DaleH thanks for your time and guidance. Just the kind of info i was looking for. Guess if I cant thru bolt to top of gunwale I could mount cleats to inside of vertical side wall inch or so below gunwale. If I go that route think I will use a piece of aluminum bar stock (around 1/16" - 1/8") rather than washers as back plate. May put plate on both inside and out. Use heat shrink and fill holes with 3M 5200 Marine Adhesive and nylon washer to further insulate metal types. I might be able to mount cleats near outside edge of gunwale in such a fashion that still have room for nuts and backing plate. Think I will only have about 1/2" of flat area (gunwale is rounded on the sides, flat on top and bottom, sort of a flat oval if that makes sense) to accommodate backing plate and nuts. 

Debating between 4" and 6 1/2" nylon cleats. Fear 4 inch might be to small. Leaning toward 6 1/2 which might be a little overkill but guess that wont hurt anything. Got any input on cleat size? Im talkin bout a 1752 aluminum flat bottomed shallow water jet boat. Not a big boat.


----------



## llbaker2

DaleH do you know anything about Tef Gel (https://www.ultratef-gel.com/tef-gel-product-reviews/). I hear its a sticky coating that can be applied to stainless fasteners when used with aluminum. They claim it solves galvanic corrosion issues. Not sure if it works on screws or if it just gets squeezed out when you tighten screw.


----------



## richg99

Cleats.....bigger are better..IMHO


----------



## DaleH

llbaker2 said:


> DaleH do you know anything about Tef Gel (https://www.ultratef-gel.com/tef-gel-product-reviews/). I hear its a sticky coating that can be applied to stainless fasteners when used with aluminum. They claim it solves galvanic corrosion issues. Not sure if it works on screws or if it just gets squeezed out when you tighten screw.

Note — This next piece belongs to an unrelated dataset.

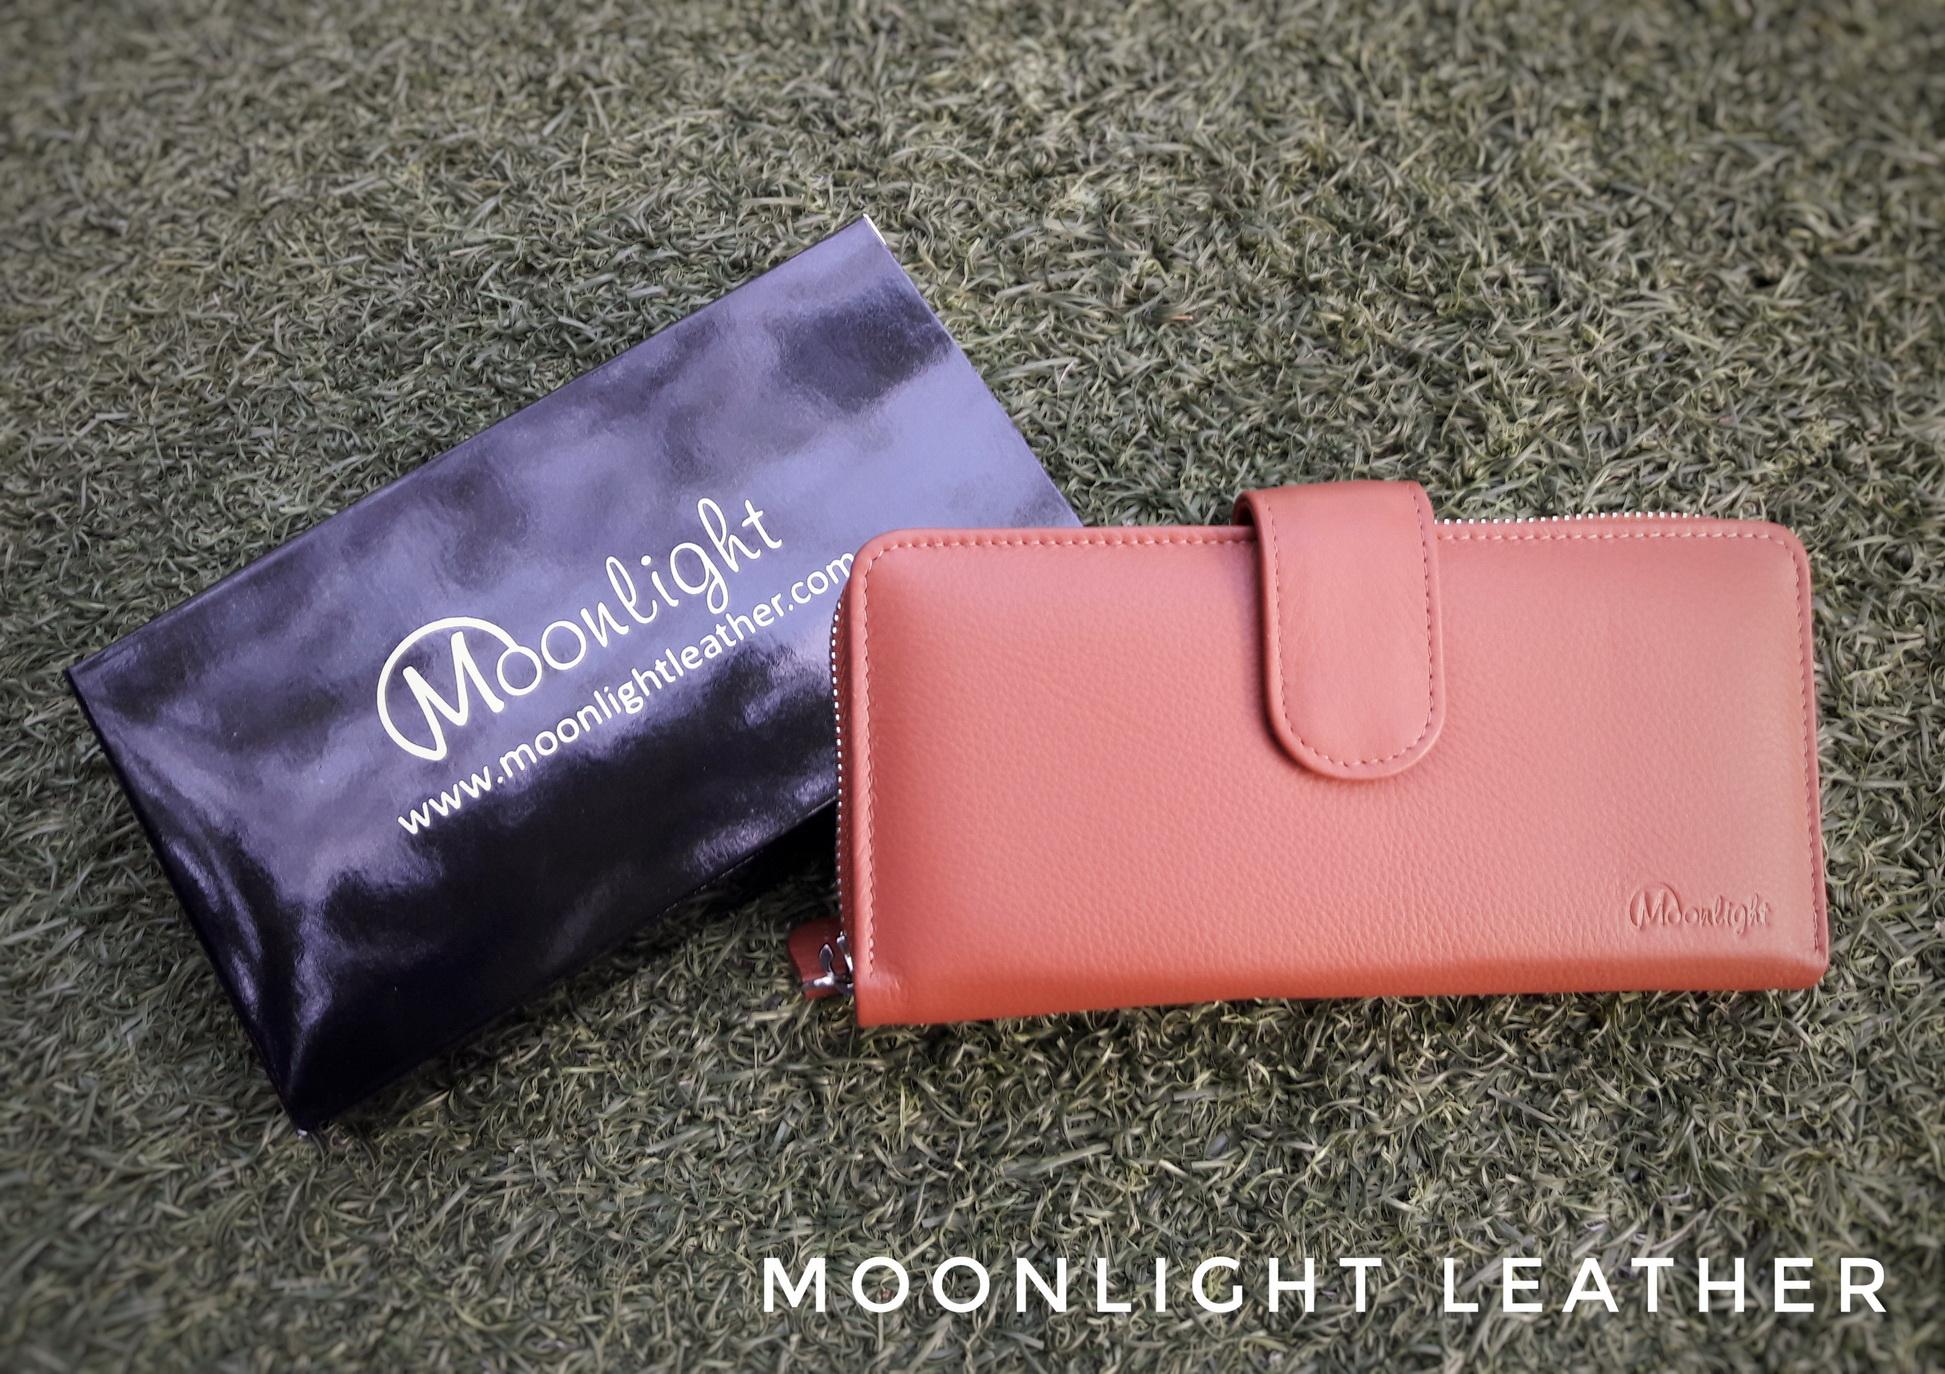 กระเป๋าสตางค์ผู้หญิงใบยาวสวย สีน้ำตาลอมส้ม เป็นหนังวัวแท้แสนนุ่ม ทนทาน โดนน้ำได้ไม่ลอกร่อน พร้อมกล่องแบรนด์แท้ Moonlight
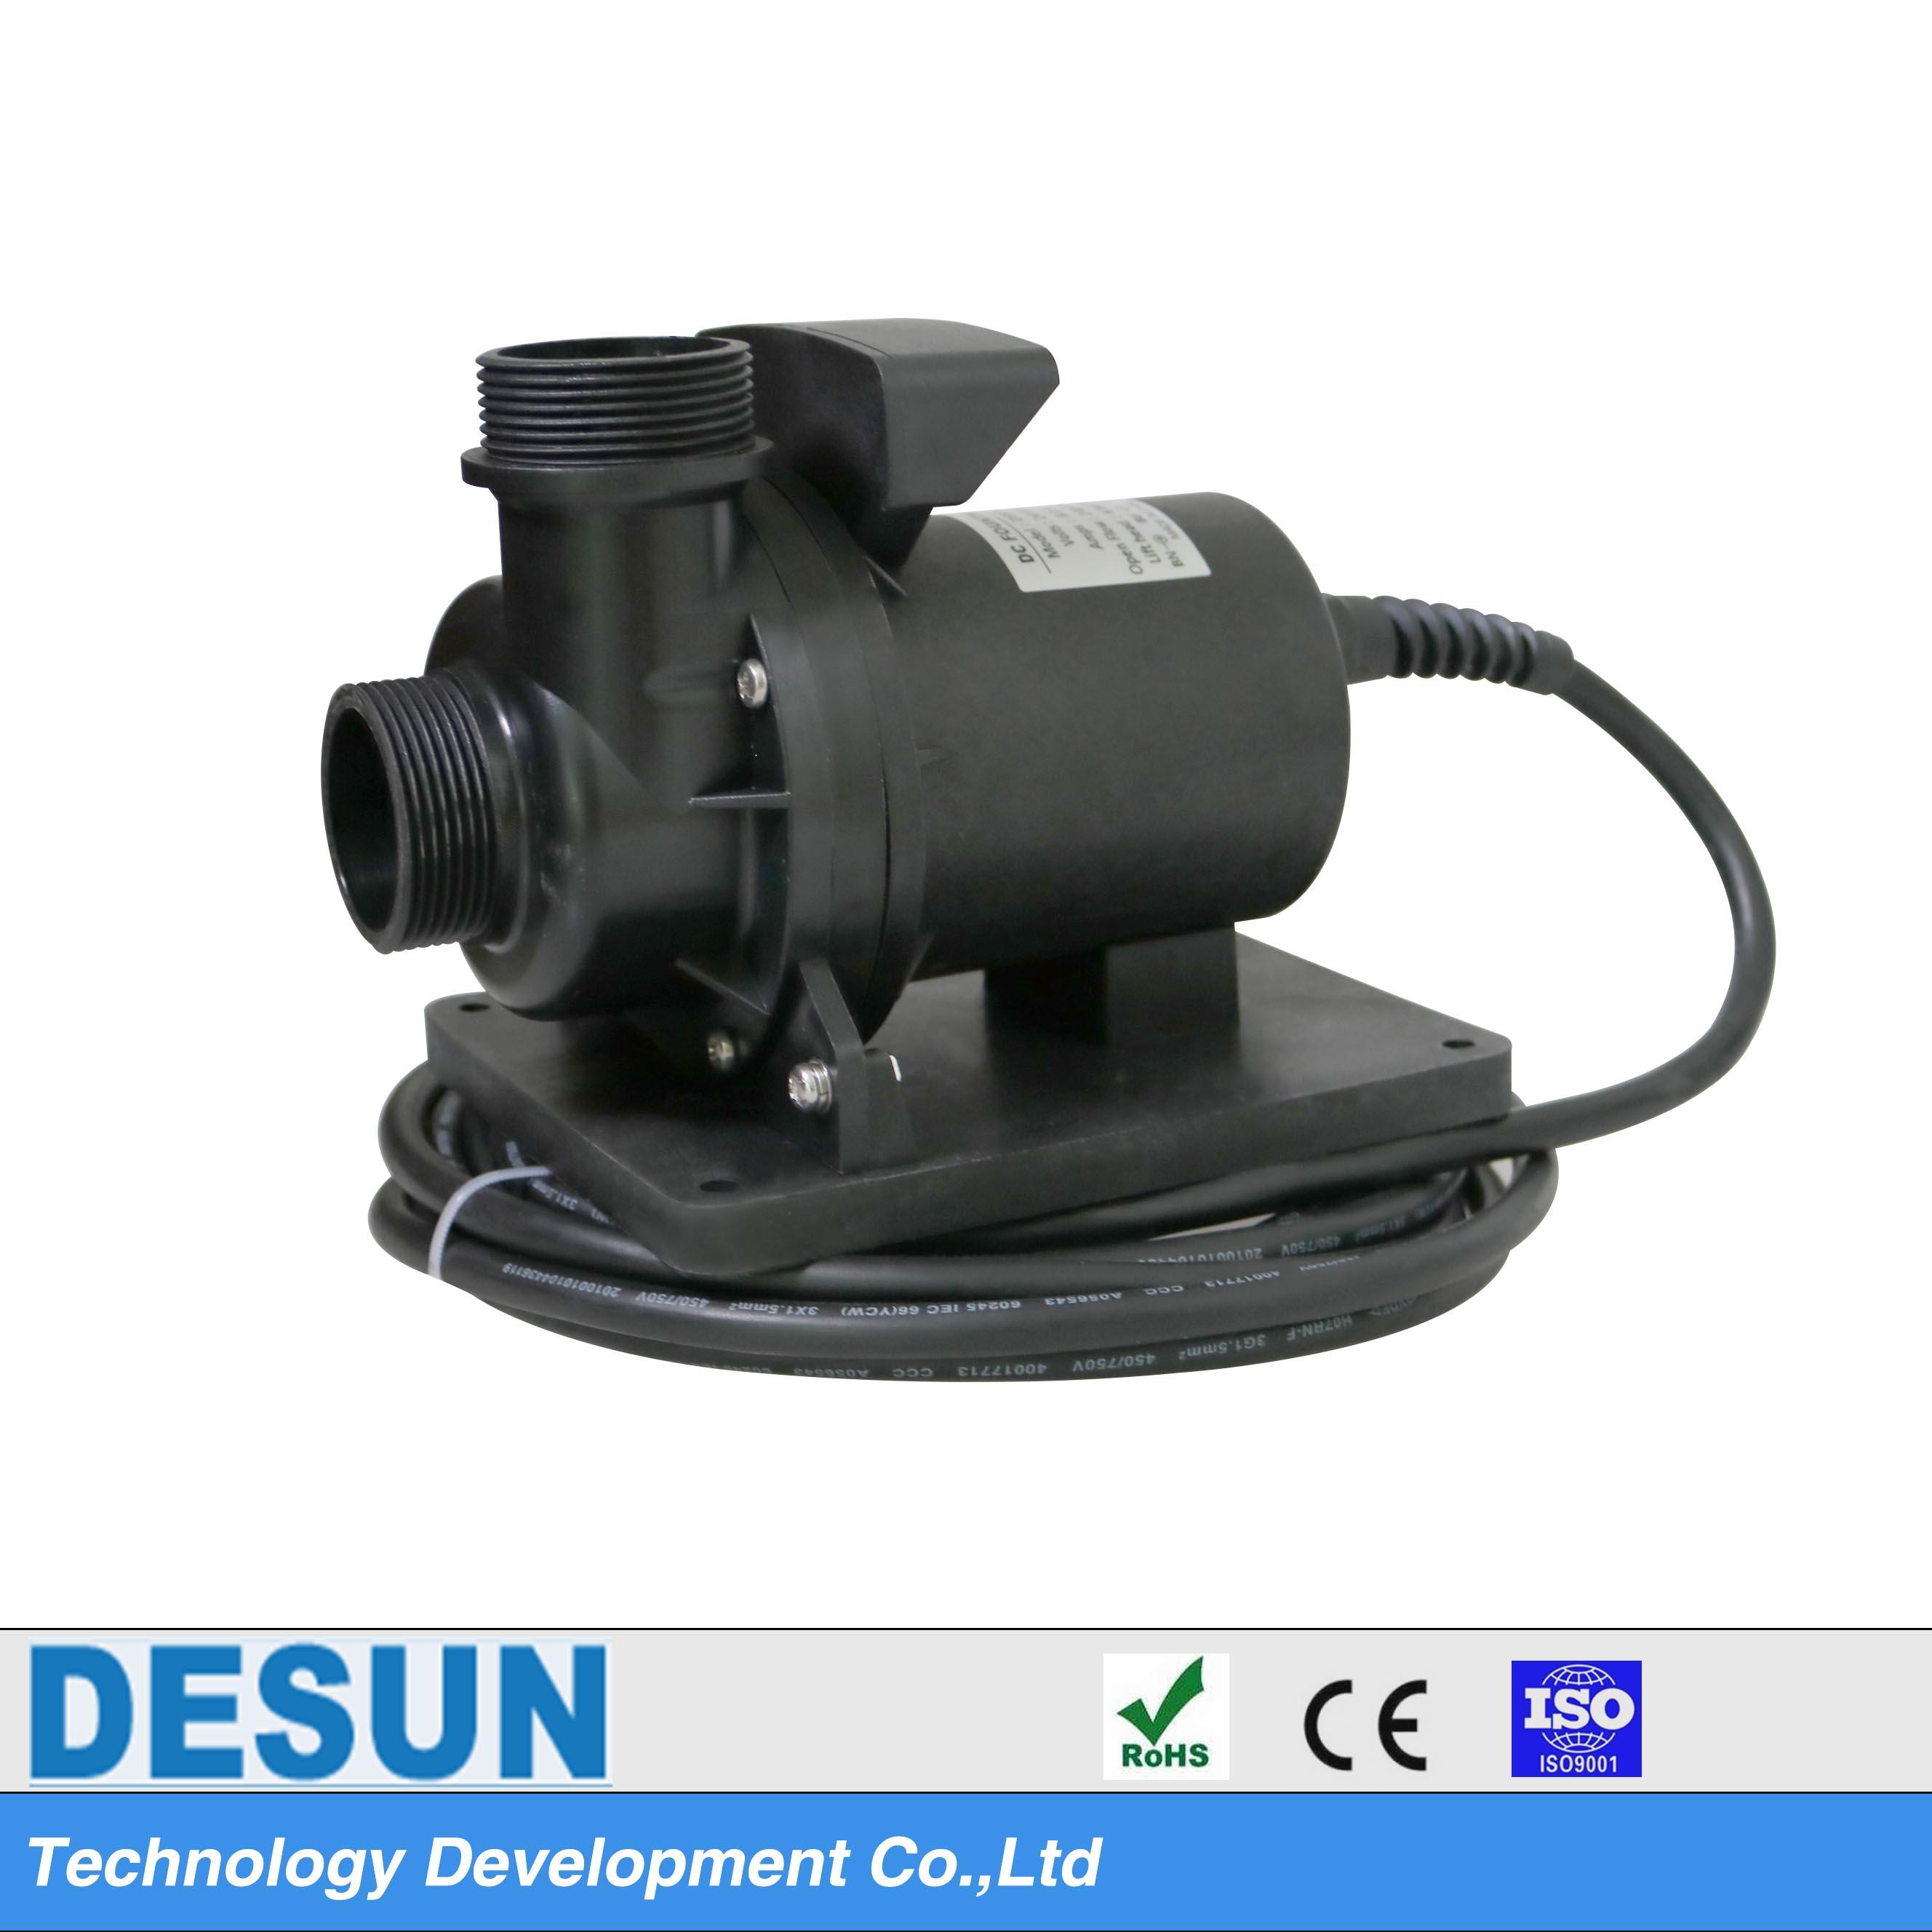 微型直流无刷潜水泵DS9002

Yes, very familiar with it! *It really works!* 

It was developed for the US Navy to prevent galvanic corrosion on their ships as there’s a ton of tin hardware bolted on their steel hulls. When I actively ran (still own it) my www.classicparker.com website they offered to send me some to test and use, but for the average guy ... it is co$t prohibitive, so I passed on their offer (although I certainly appreciated it!).


----------



## jethro

I didn't even use rivnuts to attach my rod holders and downriggers! Surface welding the cleats to flat aluminum sheet may sound strong, but it's not. You want the cleats through bolted with a backing plate for sure, as it was factory done on my 2100. I actually had to cut access panels in my hull to get the rear rod holders through bolted, but it's done right and done forever.


----------



## bcbouy

yeah, they're just like an oversized rivet anyway.good thing our boats don't have any of those pesky rivets right?.


----------



## jethro

bcbouy said:


> yeah, they're just like an oversized rivet anyway.good thing our boats don't have any of those pesky rivets right?.



Bucked rivets are a whole different animal than friction fitted rivnuts though. You'll never see a manufacturer of quality, riveted boats like Lund using rivnuts (or even bucked rivets) to attach cleats to flat aluminum plate. They always through bolt them with backer plates.


----------



## ppine

If I found a new boat with nylon cleats, or steel cleats screwed to the deck I would run the other direction. 
It tells you a lot about the construction that you cannot see. 
I like welded aluminum boats with welded cleats.


----------